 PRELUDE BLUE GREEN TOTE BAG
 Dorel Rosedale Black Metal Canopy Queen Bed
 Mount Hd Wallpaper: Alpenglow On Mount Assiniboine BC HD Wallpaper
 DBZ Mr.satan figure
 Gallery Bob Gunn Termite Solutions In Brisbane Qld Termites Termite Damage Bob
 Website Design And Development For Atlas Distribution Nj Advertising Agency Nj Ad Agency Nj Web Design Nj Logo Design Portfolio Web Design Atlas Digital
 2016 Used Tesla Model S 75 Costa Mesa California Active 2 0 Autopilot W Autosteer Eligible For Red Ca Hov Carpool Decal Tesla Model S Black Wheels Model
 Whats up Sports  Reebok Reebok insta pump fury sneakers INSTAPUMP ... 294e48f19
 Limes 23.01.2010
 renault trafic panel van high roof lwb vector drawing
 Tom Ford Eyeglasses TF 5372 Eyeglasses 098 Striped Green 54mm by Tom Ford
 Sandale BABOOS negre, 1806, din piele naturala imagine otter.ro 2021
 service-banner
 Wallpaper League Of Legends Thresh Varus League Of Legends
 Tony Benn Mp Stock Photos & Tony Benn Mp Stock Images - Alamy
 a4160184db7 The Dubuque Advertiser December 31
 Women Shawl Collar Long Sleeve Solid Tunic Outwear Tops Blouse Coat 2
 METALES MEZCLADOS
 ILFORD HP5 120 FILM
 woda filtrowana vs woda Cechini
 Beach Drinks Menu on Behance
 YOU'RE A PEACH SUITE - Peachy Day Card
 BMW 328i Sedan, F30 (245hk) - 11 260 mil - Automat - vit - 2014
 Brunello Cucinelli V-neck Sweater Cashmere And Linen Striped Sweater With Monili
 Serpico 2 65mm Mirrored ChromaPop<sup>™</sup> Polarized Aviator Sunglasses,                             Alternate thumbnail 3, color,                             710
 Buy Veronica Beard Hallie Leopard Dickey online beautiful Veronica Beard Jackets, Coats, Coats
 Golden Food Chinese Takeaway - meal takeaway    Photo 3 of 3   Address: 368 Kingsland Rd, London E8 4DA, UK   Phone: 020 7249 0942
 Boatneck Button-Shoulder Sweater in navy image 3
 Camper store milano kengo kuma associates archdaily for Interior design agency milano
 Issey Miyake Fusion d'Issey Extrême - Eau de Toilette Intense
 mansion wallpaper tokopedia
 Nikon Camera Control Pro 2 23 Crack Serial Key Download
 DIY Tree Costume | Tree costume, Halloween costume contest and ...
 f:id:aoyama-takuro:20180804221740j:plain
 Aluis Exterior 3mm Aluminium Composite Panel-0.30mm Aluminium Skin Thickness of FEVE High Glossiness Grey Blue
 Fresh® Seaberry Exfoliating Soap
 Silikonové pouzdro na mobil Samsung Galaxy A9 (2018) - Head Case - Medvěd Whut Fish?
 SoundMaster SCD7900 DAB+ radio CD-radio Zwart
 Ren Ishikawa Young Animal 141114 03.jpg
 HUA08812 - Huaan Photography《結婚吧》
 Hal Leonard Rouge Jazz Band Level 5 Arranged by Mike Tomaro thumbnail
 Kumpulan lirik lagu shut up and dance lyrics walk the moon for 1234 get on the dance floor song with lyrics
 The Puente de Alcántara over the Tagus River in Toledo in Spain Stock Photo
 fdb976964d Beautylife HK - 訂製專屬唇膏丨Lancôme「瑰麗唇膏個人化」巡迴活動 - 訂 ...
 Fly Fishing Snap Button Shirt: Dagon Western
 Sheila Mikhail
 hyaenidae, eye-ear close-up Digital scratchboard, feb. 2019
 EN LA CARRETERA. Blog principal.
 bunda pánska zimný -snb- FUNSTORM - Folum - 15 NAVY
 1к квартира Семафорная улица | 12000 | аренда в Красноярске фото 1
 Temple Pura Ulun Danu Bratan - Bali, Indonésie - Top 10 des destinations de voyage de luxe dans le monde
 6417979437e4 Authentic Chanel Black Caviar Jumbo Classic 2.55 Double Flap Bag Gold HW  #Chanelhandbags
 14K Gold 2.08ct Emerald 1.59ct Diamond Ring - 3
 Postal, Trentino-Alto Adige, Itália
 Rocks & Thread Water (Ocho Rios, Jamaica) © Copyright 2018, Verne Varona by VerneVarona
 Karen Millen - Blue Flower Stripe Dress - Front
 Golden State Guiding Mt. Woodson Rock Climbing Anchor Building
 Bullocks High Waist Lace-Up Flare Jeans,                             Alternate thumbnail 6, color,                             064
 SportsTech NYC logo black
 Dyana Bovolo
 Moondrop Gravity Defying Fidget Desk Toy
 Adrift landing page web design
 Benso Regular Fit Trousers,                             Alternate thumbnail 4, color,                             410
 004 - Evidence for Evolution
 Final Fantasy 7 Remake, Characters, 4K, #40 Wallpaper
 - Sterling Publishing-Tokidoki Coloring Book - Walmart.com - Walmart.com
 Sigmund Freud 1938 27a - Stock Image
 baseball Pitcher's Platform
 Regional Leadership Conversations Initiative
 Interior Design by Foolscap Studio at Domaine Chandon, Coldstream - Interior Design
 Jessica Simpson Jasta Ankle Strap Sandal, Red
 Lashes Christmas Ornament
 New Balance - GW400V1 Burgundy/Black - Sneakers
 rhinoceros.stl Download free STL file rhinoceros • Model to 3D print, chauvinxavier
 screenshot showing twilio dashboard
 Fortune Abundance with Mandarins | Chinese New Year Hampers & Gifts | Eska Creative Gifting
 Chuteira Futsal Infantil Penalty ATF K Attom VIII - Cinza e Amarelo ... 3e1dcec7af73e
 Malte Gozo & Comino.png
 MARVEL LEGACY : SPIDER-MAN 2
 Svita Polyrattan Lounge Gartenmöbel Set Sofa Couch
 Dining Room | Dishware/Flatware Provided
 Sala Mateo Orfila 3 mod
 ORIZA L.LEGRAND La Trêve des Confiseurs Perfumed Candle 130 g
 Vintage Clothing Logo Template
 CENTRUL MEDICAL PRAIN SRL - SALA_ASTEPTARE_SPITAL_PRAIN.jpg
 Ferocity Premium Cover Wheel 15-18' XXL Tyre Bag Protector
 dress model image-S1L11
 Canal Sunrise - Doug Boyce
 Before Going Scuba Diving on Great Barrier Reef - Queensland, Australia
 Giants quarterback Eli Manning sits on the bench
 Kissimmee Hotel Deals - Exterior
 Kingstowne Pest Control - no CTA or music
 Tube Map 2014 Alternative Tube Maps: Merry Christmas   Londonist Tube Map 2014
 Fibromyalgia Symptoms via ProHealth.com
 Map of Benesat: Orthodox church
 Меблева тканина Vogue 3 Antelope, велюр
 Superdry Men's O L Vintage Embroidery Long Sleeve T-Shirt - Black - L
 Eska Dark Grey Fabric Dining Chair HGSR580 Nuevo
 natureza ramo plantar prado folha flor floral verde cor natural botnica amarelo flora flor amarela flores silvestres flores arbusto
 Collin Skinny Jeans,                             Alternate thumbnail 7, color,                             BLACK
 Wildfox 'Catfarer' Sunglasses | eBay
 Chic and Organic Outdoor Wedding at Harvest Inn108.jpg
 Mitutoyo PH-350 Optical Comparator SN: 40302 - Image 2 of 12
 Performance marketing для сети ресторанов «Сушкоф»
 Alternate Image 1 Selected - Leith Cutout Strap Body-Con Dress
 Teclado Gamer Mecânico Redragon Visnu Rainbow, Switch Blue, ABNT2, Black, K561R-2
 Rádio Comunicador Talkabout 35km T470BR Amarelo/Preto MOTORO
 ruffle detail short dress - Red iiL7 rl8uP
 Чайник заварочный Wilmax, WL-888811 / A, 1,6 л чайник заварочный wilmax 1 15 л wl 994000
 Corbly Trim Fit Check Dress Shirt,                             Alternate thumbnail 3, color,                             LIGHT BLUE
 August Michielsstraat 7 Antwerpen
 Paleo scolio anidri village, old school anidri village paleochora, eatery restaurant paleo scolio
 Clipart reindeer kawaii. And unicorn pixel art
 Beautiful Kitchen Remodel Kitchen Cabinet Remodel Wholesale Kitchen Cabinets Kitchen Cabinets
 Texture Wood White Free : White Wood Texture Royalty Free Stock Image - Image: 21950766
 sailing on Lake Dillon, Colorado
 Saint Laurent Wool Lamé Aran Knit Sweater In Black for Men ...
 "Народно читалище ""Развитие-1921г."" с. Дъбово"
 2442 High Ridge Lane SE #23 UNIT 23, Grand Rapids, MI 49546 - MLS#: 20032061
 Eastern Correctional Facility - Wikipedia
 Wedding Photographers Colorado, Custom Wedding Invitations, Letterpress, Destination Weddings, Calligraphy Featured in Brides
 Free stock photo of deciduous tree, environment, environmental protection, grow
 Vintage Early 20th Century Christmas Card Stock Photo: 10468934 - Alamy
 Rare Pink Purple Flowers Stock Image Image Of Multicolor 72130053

***

__Work request__
Only a number is wanted here: the tally of lines in the entries that include the word "Long".

__Problem solution__
2